When triglycerides build up in the blood they increase the risk of heart disease. Diets high in carbohydrate consumption and low in physical activity increase this risk. Further fueling the increase in triglyceride/carbohydrate relationship is the consumption of refined carbohydrates. Refined carbohydrates are more likely to adversely affect blood triglycerides than carbohydrates from complex sources. Indivduals looking to positively affect their blood lipid profile should reduce refined carbohydrates and increase complex sources while engaging in regular exercise.

 
Level mg/dL Level mmol/L Interpretation
<150 <1.69 Normal range, lowest risk
150-199 1.70-2.25 Borderline high
200-499 2.25-5.63 High
>500 >5.65 Very high, increased risk
 
Recommended by the American Heart Association
 

Excessive triglycerides increase risk for a coronary incident.

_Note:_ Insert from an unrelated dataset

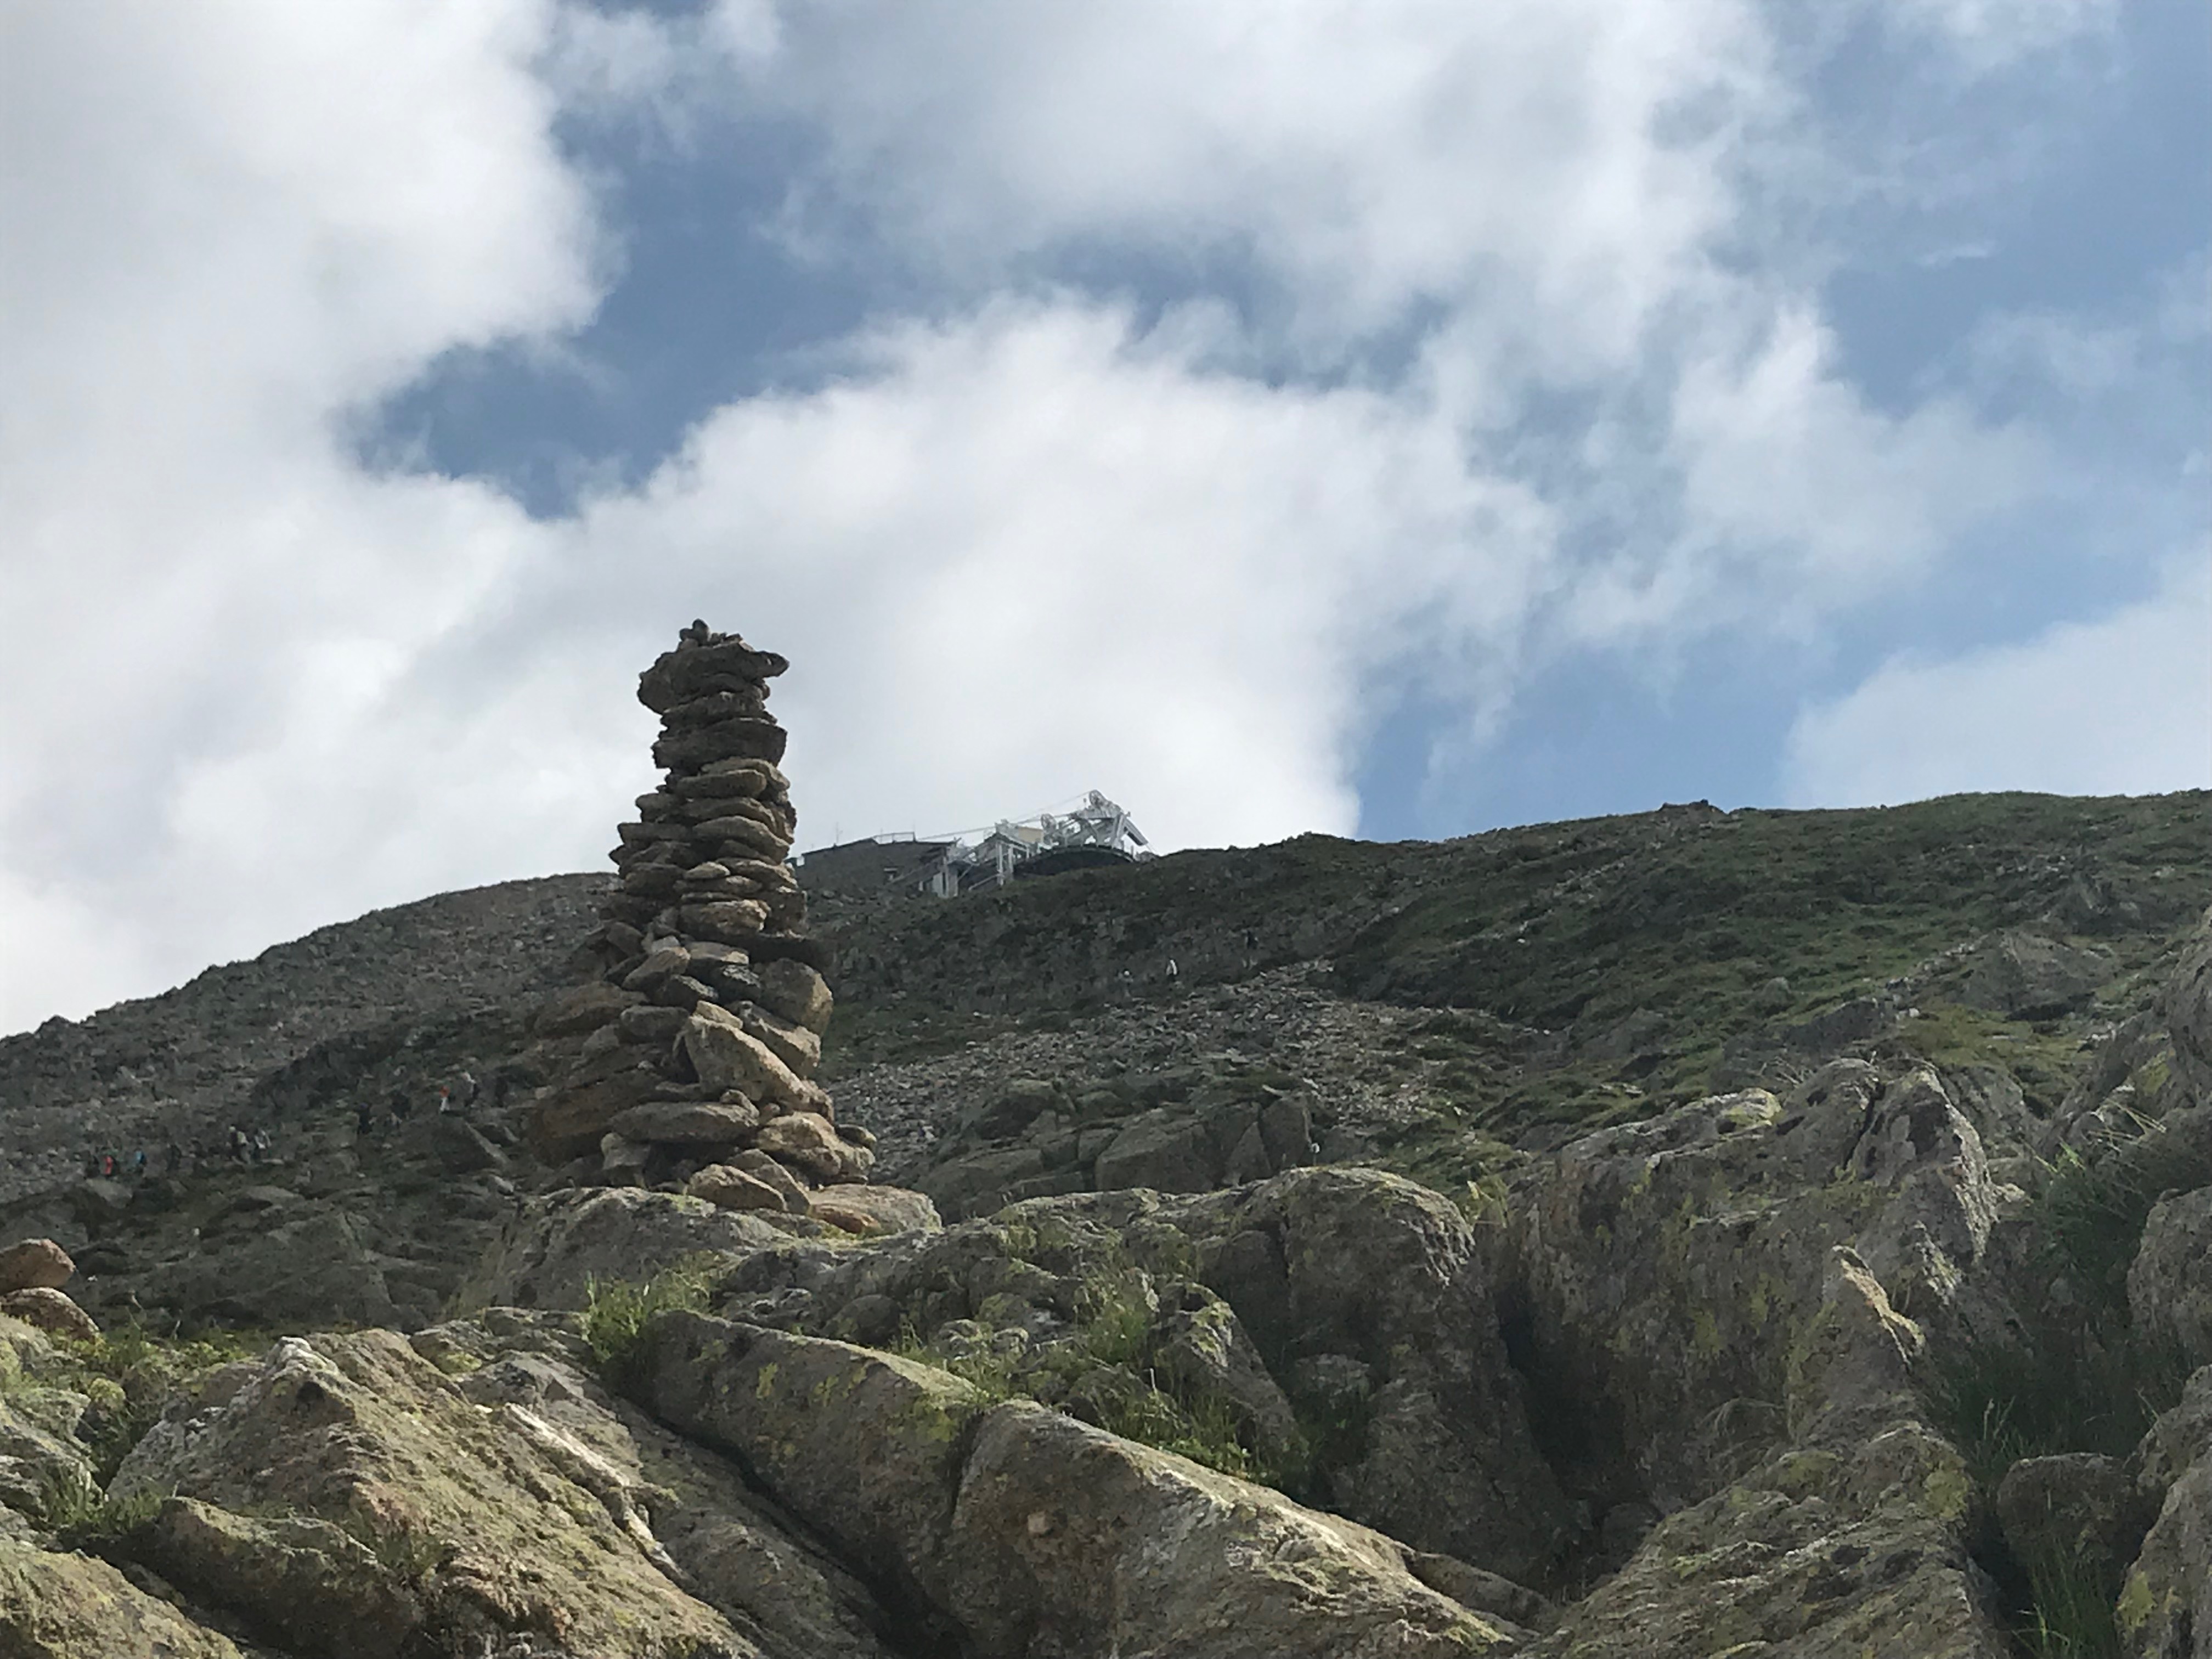 Suivre les cairns pour arriver à la gare du Brévent (2525 m). Facile à dire… Marche et Rêve / Jacky Fabis

Individuals engaging in exercise should be aware of their blood lipid profiles before beginning an exercise program and monitor higher risk profiles. It is important to monitor blood lipids because a high level of triglycerides (and LDL-C) is a factor associated with Cardiovascular Disease (CVD) due to atherosclerosis or plaque build up. Plaque build-up within the blood vessels, increased platelet adhesion, and vessel damage are the results from high levels of triglycerides in the blood stream. Cardiovascular exercise and appropriate carbohydrate consumption are the keys to reducing triglyceride levels.